> **PROBLEM TO WORK ON**:
What are the lines from the one with "Die Drei und der rote Pfosten_1997.jpg" through the end of the records below, written out exactly and without the pictures?

> **Items from a data source**:
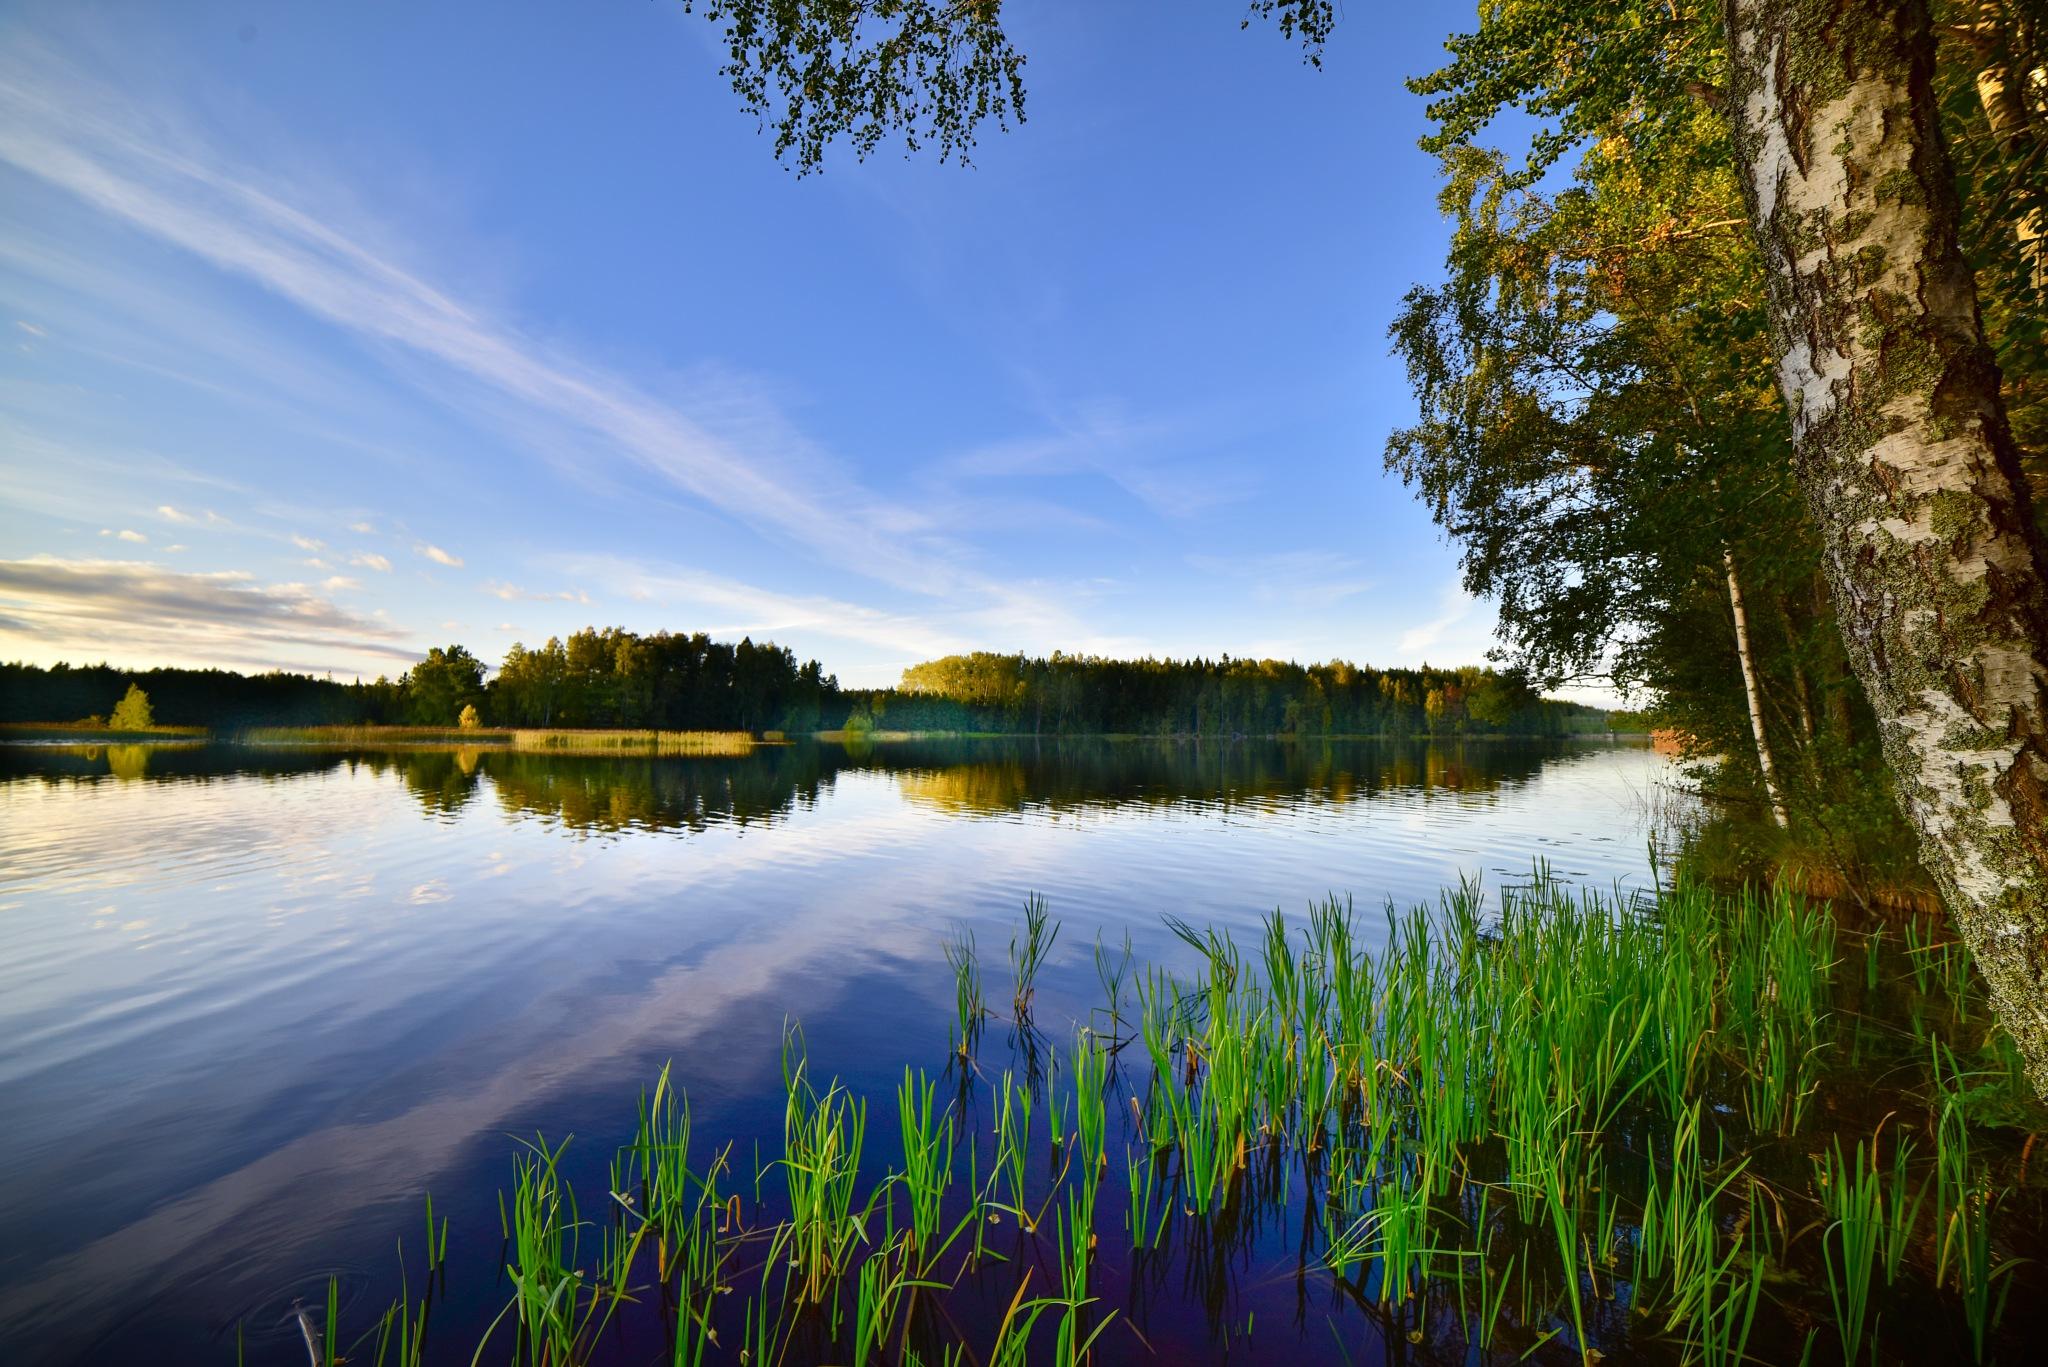 karleby stream by Niclaskrog
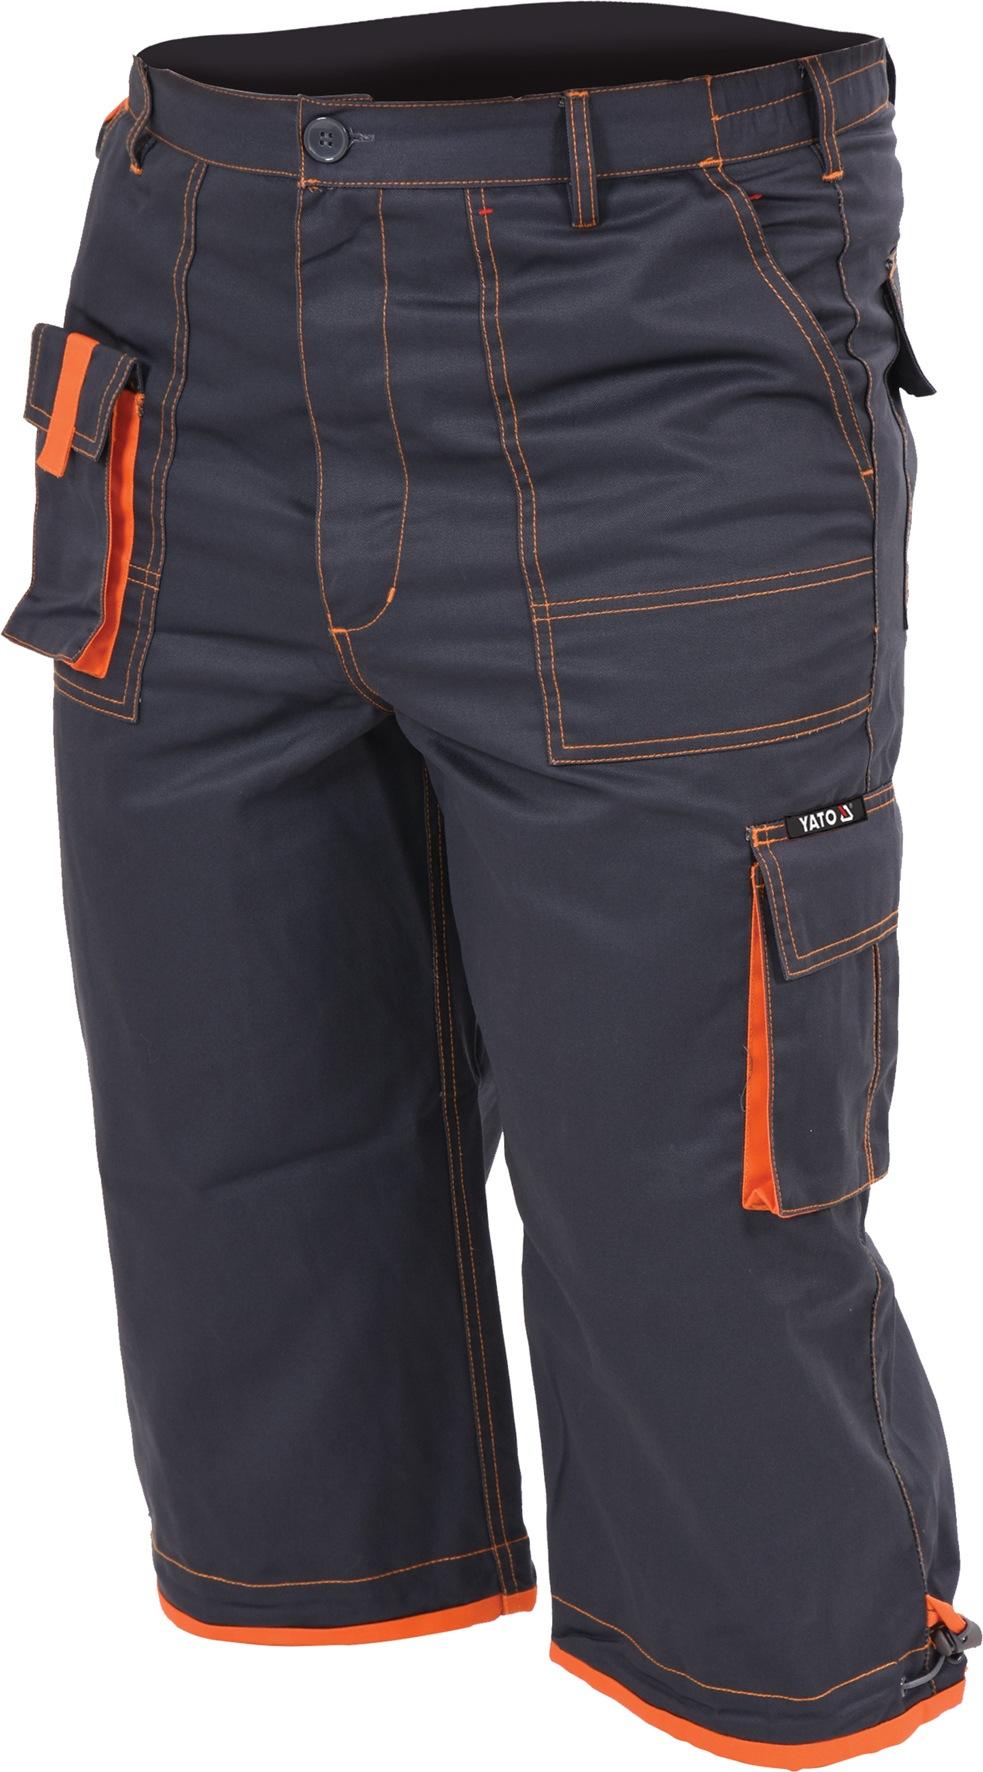 Pracovní kalhoty polokrátké vel. L/XL
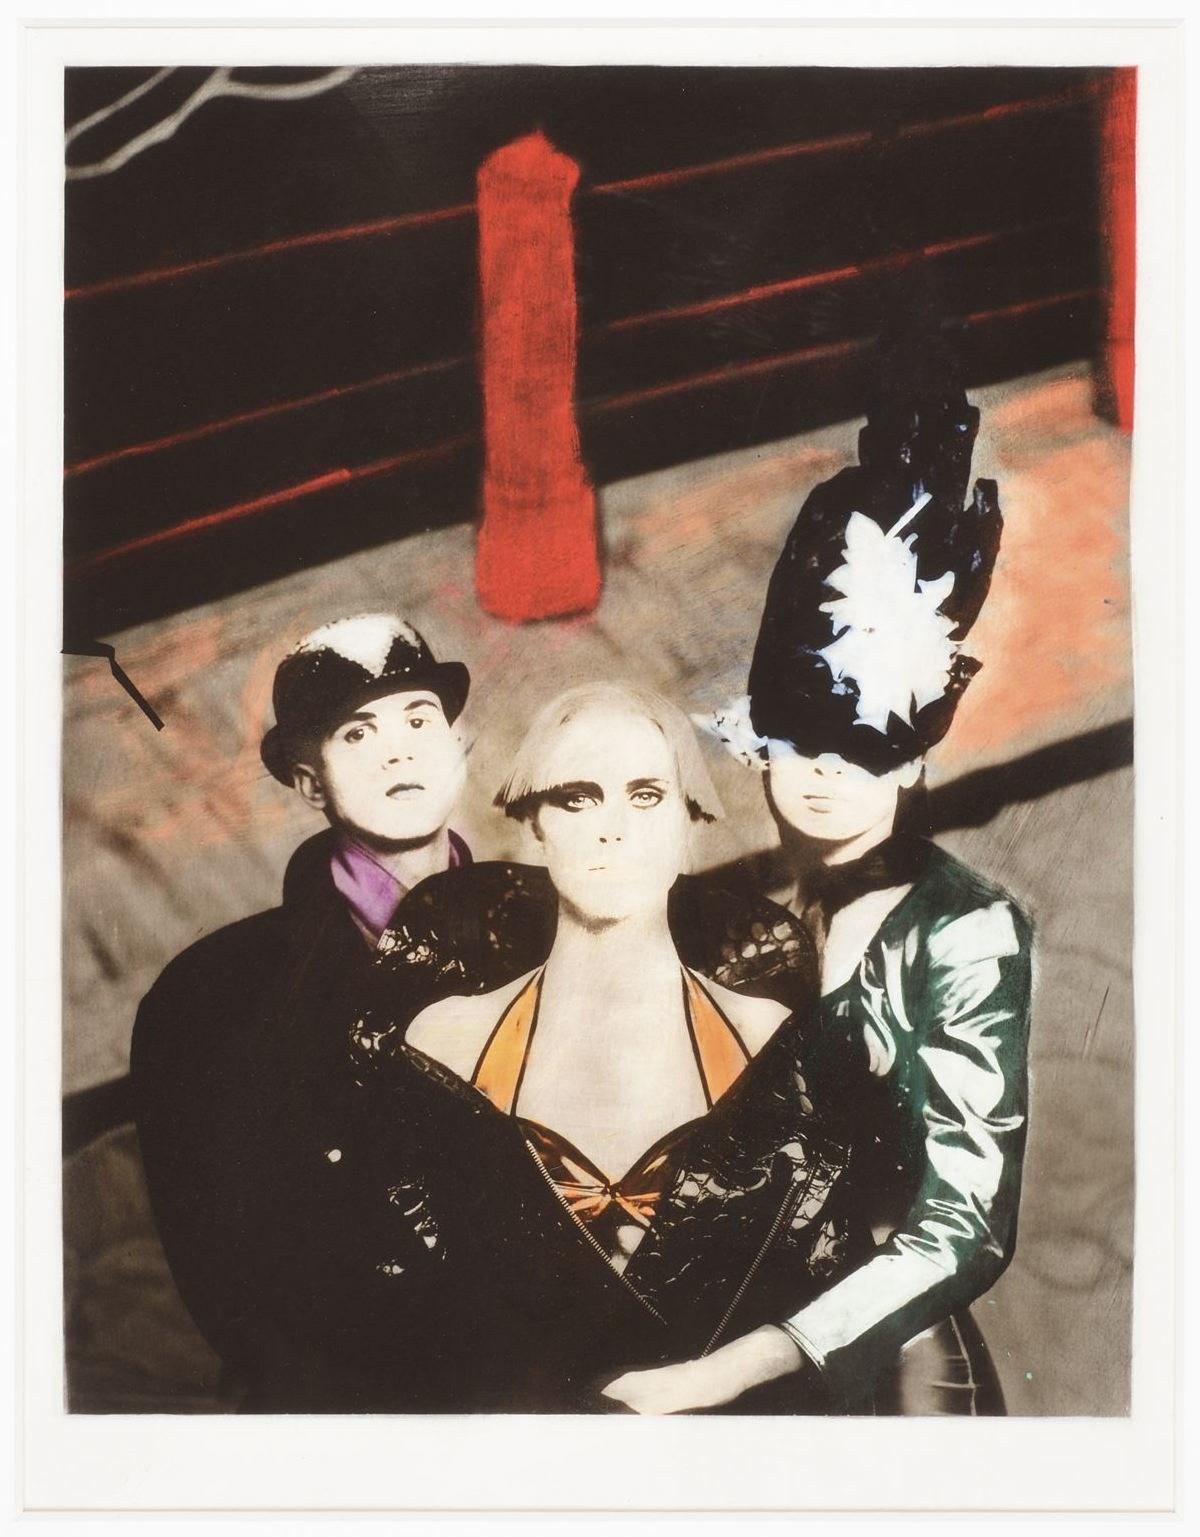 Die Drei und der rote Pfosten_1997.jpg
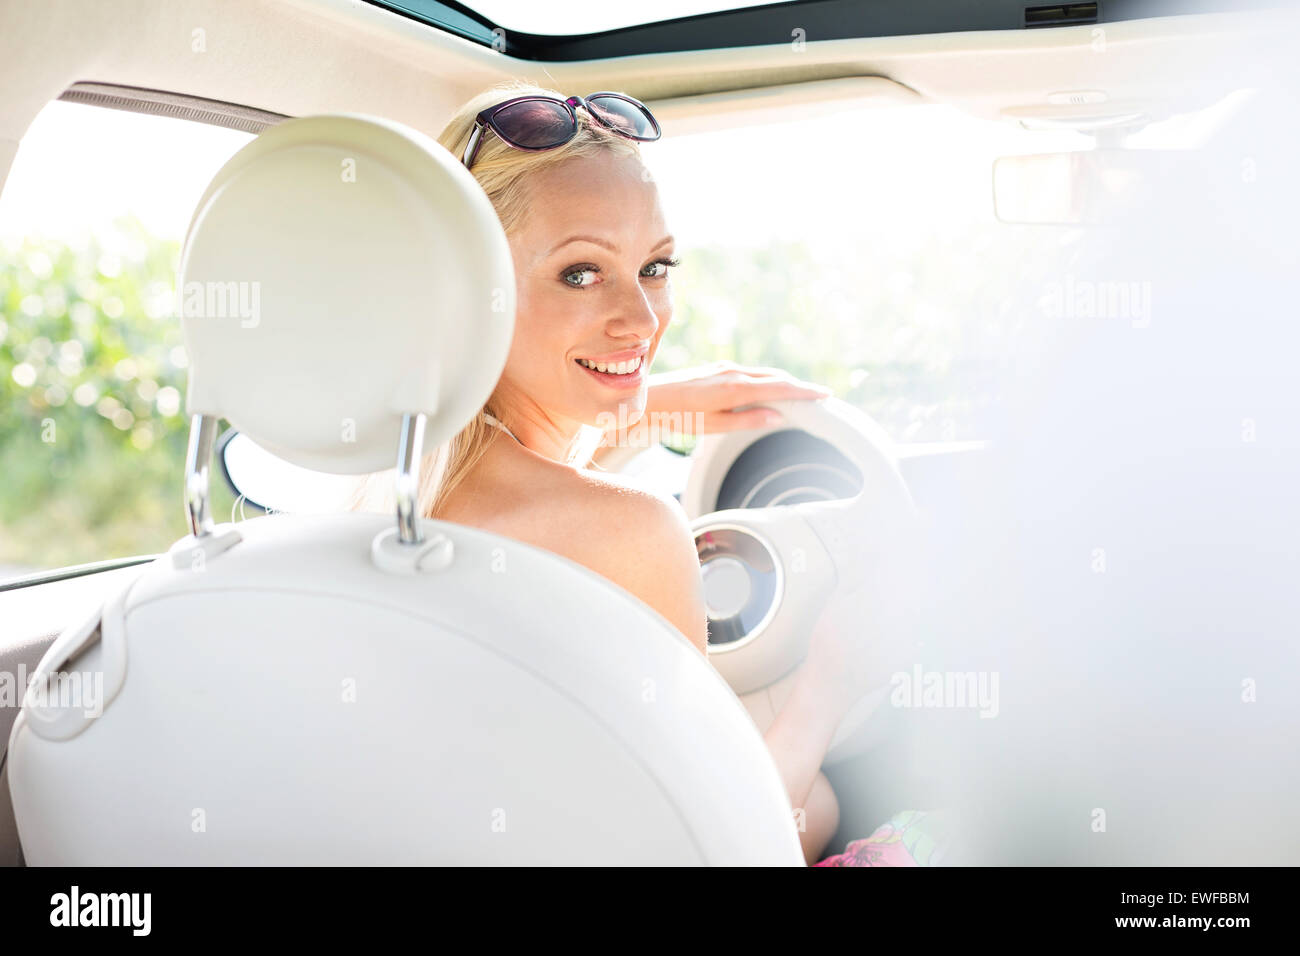 Vue arrière portrait of happy woman driving car Photo Stock
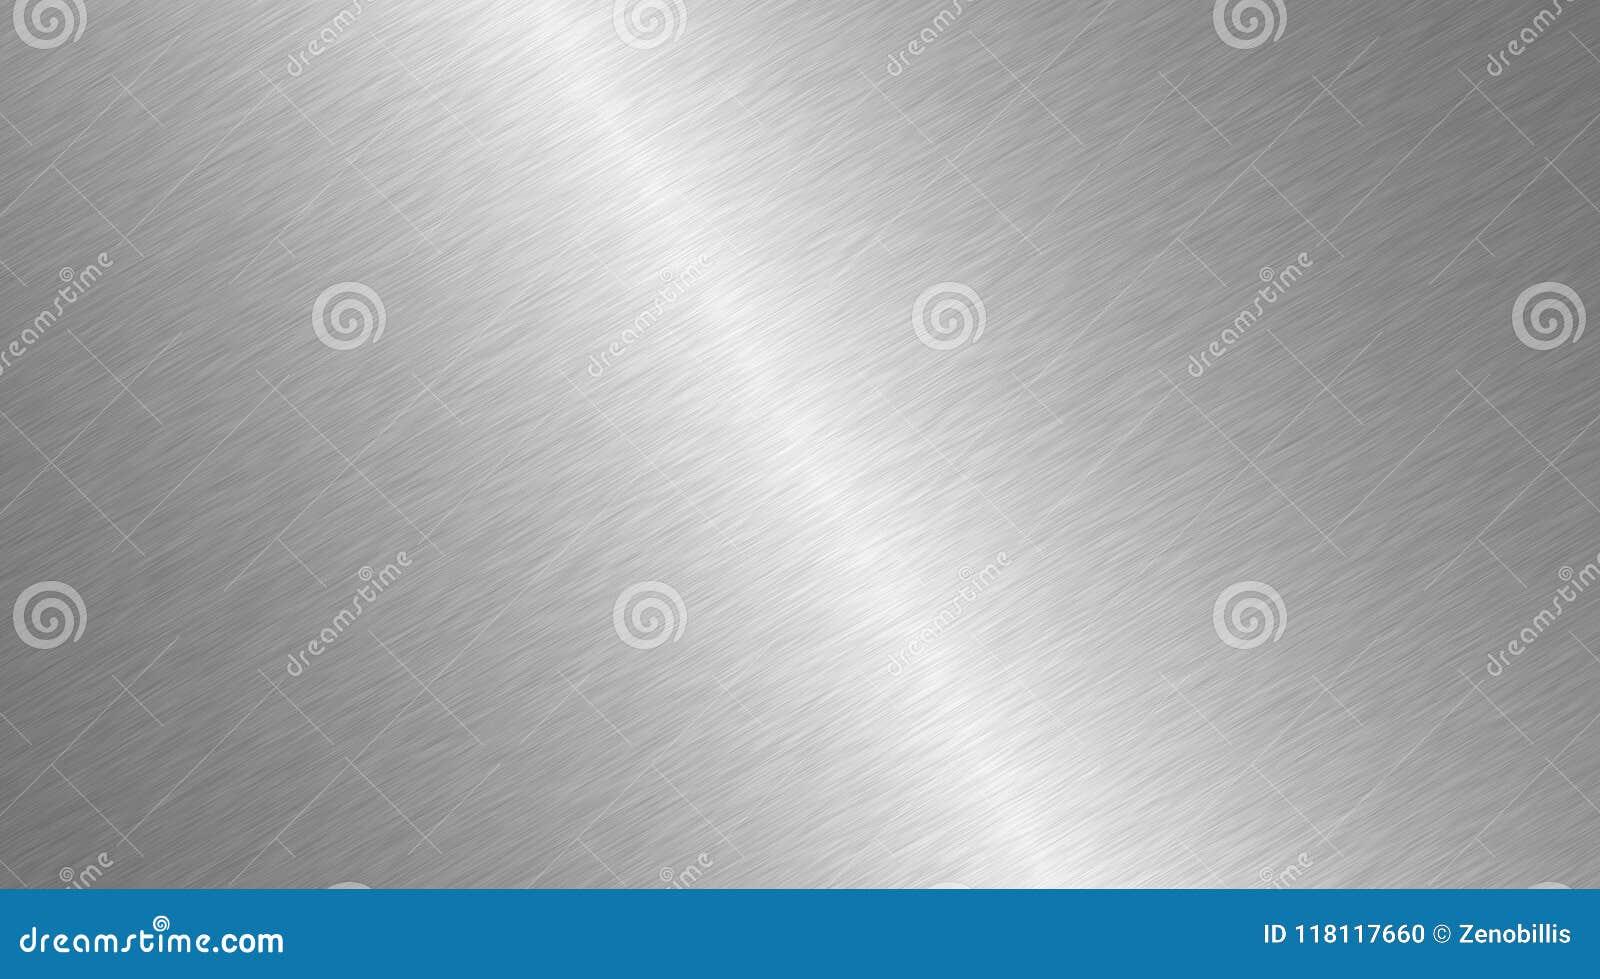 掠过的金属表面 金属辐形纹理  抽象优美的钢背景

> **SOLUTION FOR THIS TASK**:
 Die Drei und der rote Pfosten_1997.jpg
 Vue arrière portrait of happy woman driving car Photo Stock
 掠过的金属表面 金属辐形纹理  抽象优美的钢背景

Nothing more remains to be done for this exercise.